What to produce: Keep the pictures out. Copy every line of the listing exactly.

Data below:

____________________

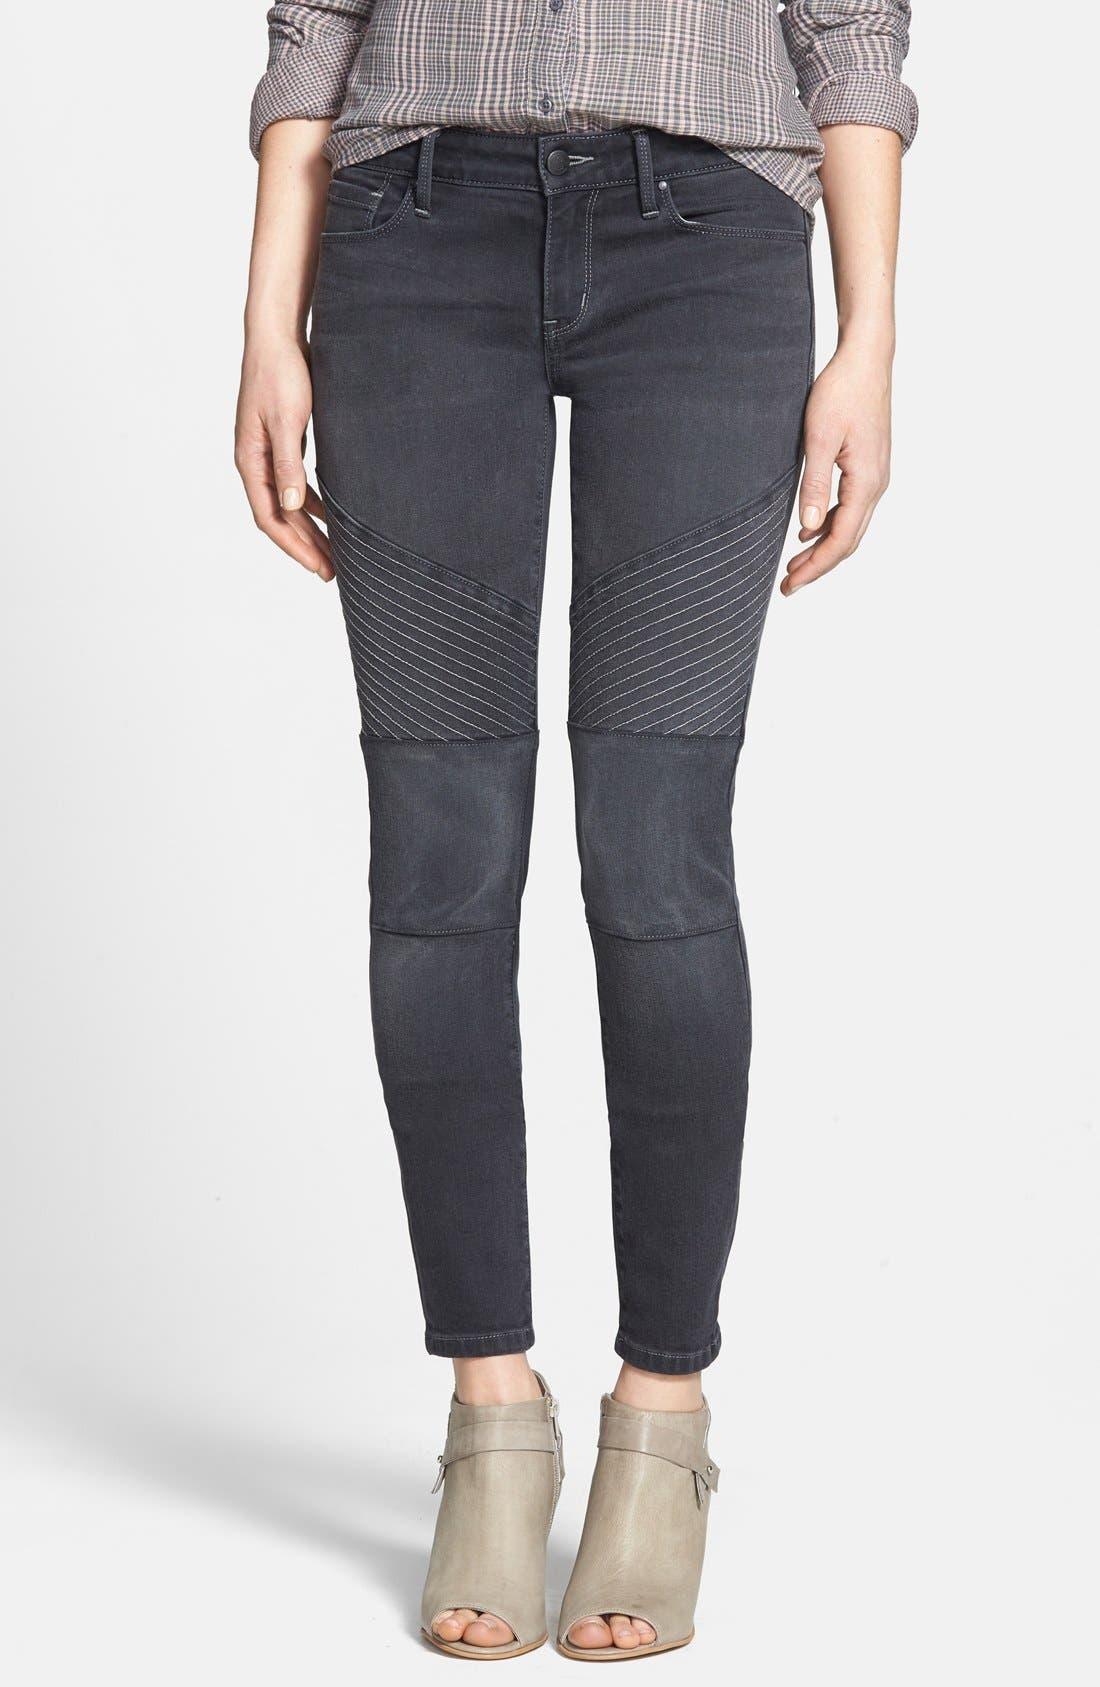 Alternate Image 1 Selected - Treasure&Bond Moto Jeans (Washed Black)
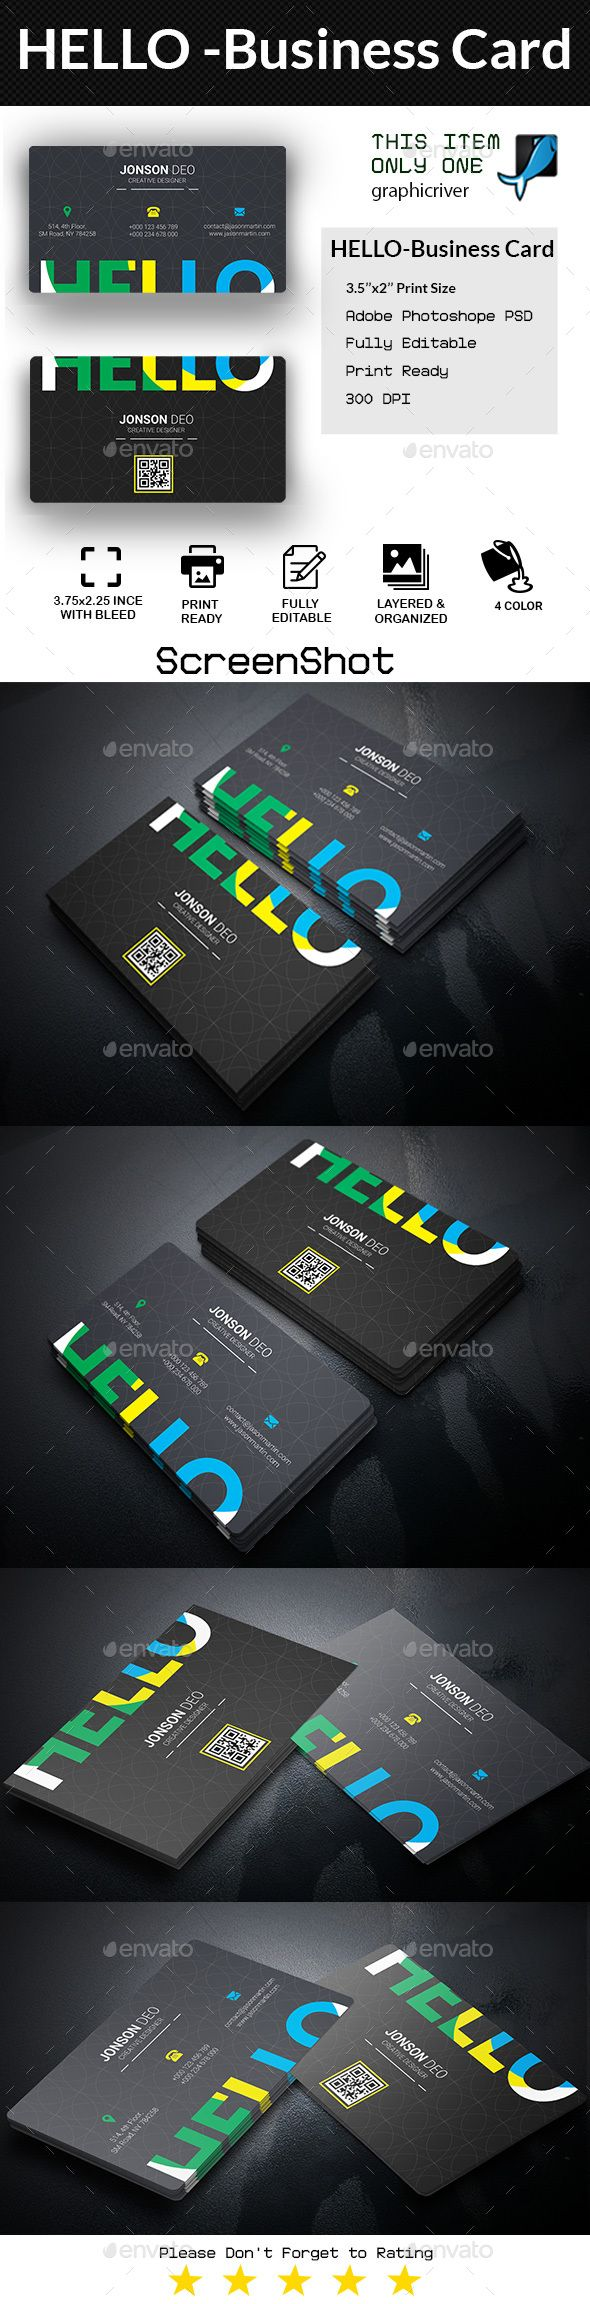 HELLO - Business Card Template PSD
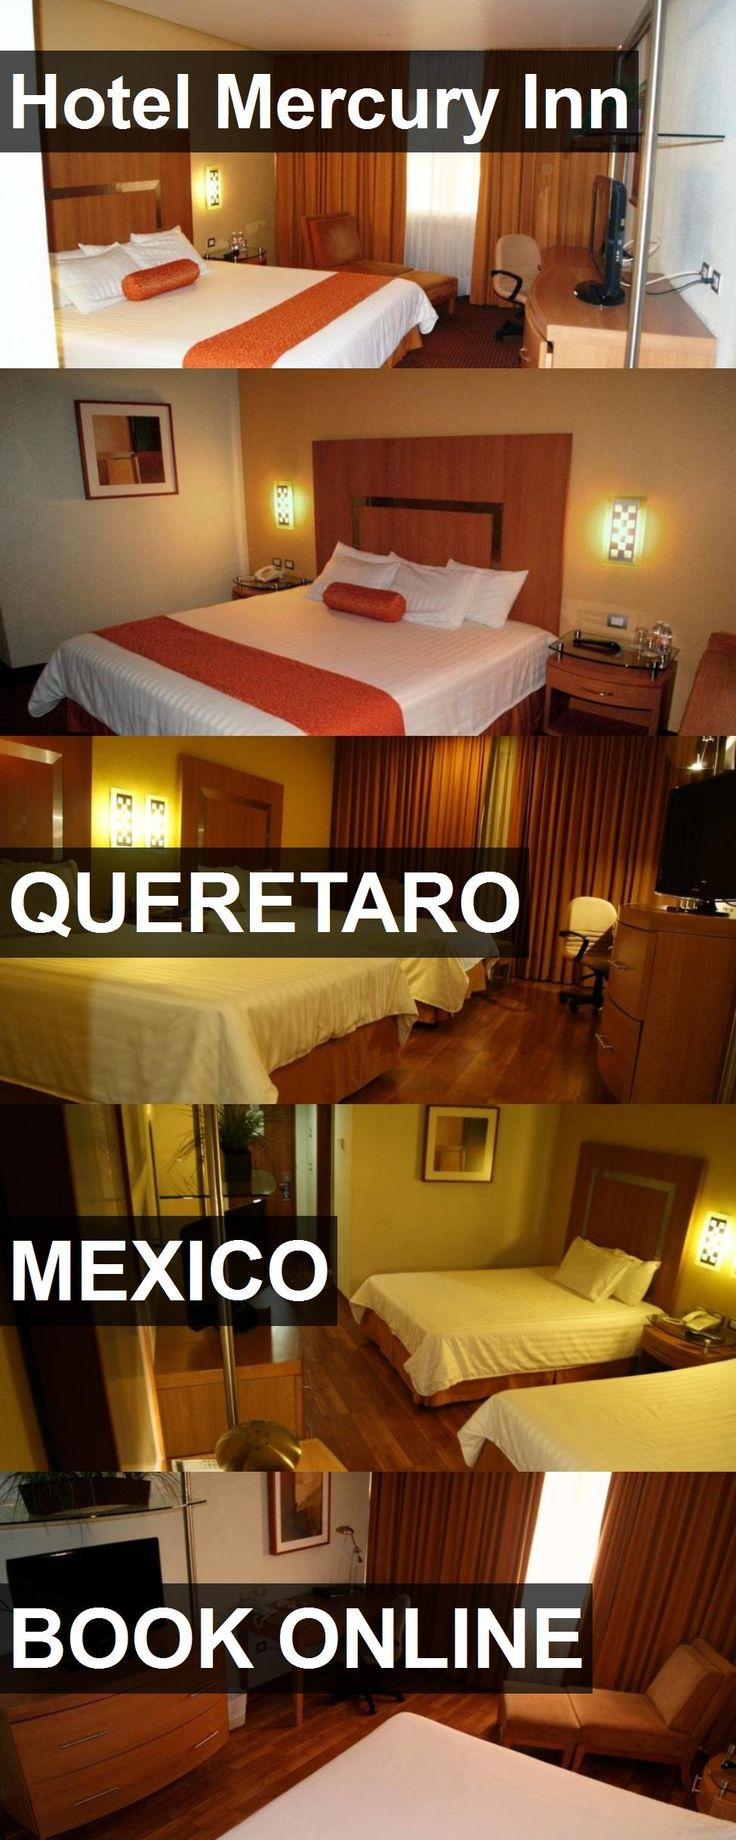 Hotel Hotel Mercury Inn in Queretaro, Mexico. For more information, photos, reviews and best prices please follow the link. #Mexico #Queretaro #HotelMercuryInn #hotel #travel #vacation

____________________

Result:
 Alternate Image 1 Selected - Treasure&Bond Moto Jeans (Washed Black)
 HELLO - Business Card Template PSD
 Hotel Hotel Mercury Inn in Queretaro, Mexico. For more information, photos, reviews and best prices please follow the link. #Mexico #Queretaro #HotelMercuryInn #hotel #travel #vacation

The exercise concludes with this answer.